◆ **REQUIRED ACTION**:
Give back the full listing, character for character, with no pictures.

◆ **COLLECTED DATA**:
--------------------
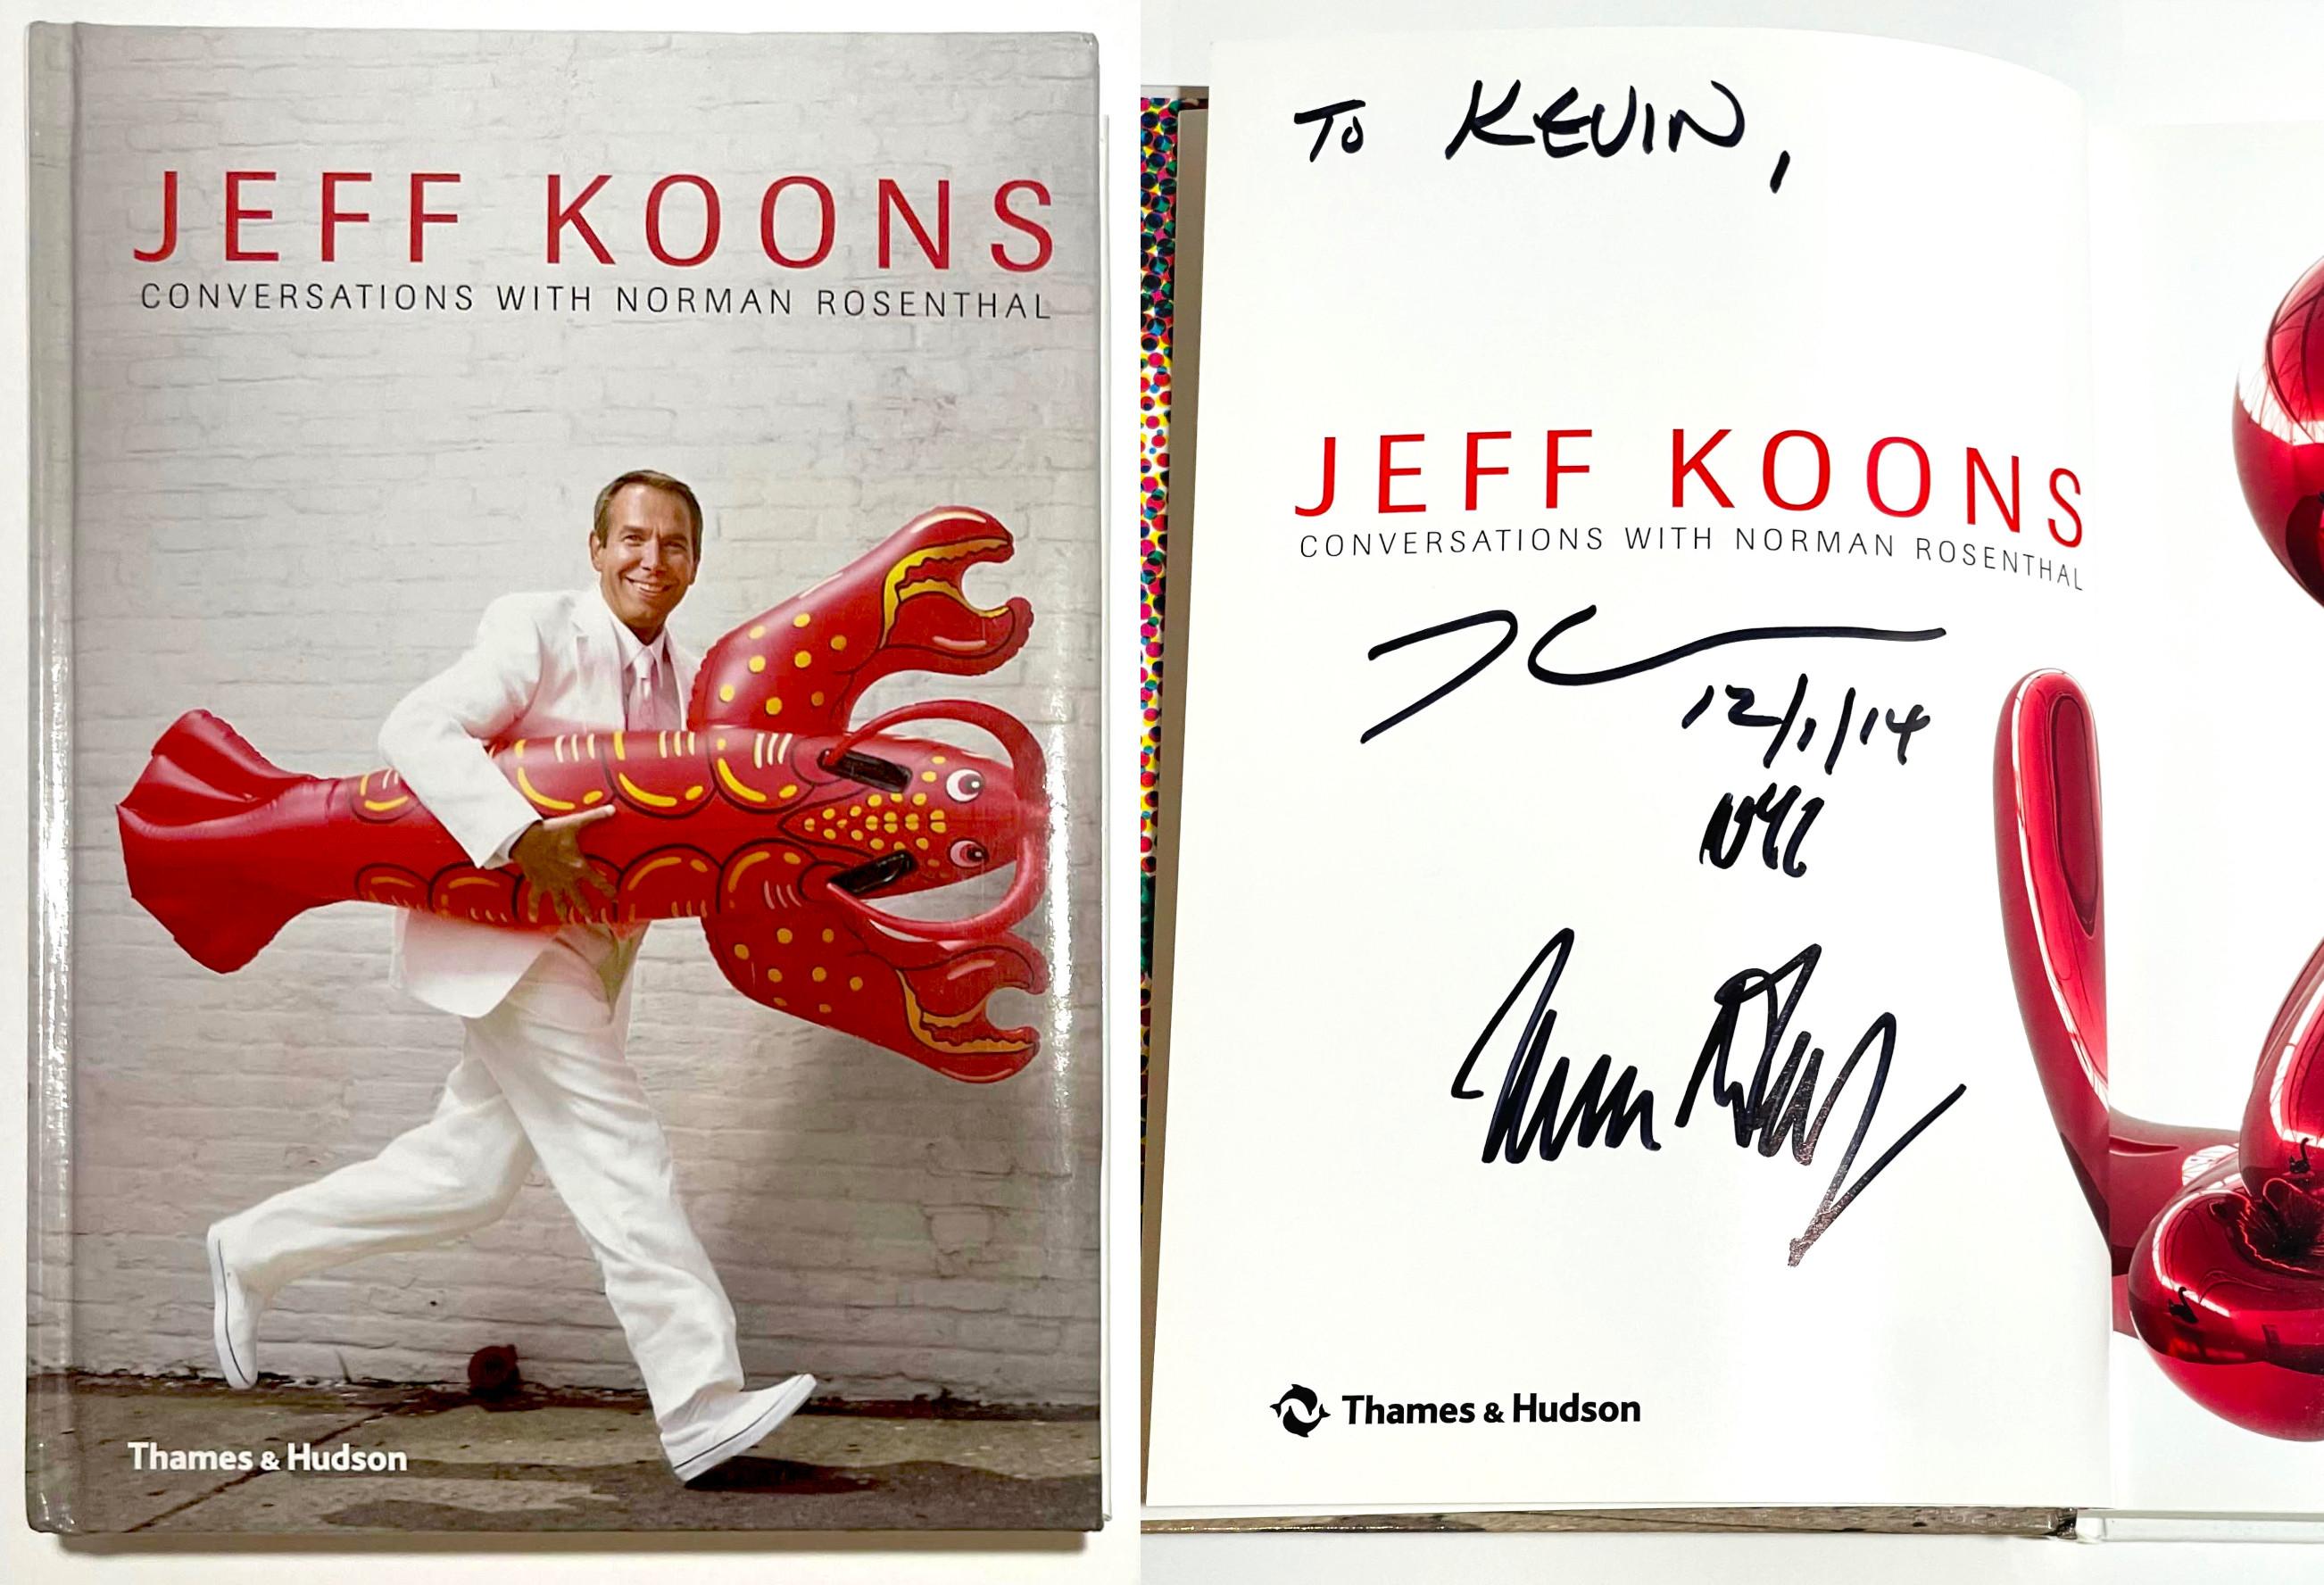 Jeff Koons Conversations with Norman Rosenthal (signé à la main et inscrit par les DEUX Jeff Koons et Norman Rosenthal), 2014.
Monographie reliée (signée, datée et inscrite à la main)
Signé à la main, daté et inscrit par Jeff Koons ET Norman
--------------------
◆ **RESPONSE AREA**:
 Jeff Koons Conversations with Norman Rosenthal (signé à la main et inscrit par les DEUX Jeff Koons et Norman Rosenthal), 2014.
Monographie reliée (signée, datée et inscrite à la main)
Signé à la main, daté et inscrit par Jeff Koons ET Norman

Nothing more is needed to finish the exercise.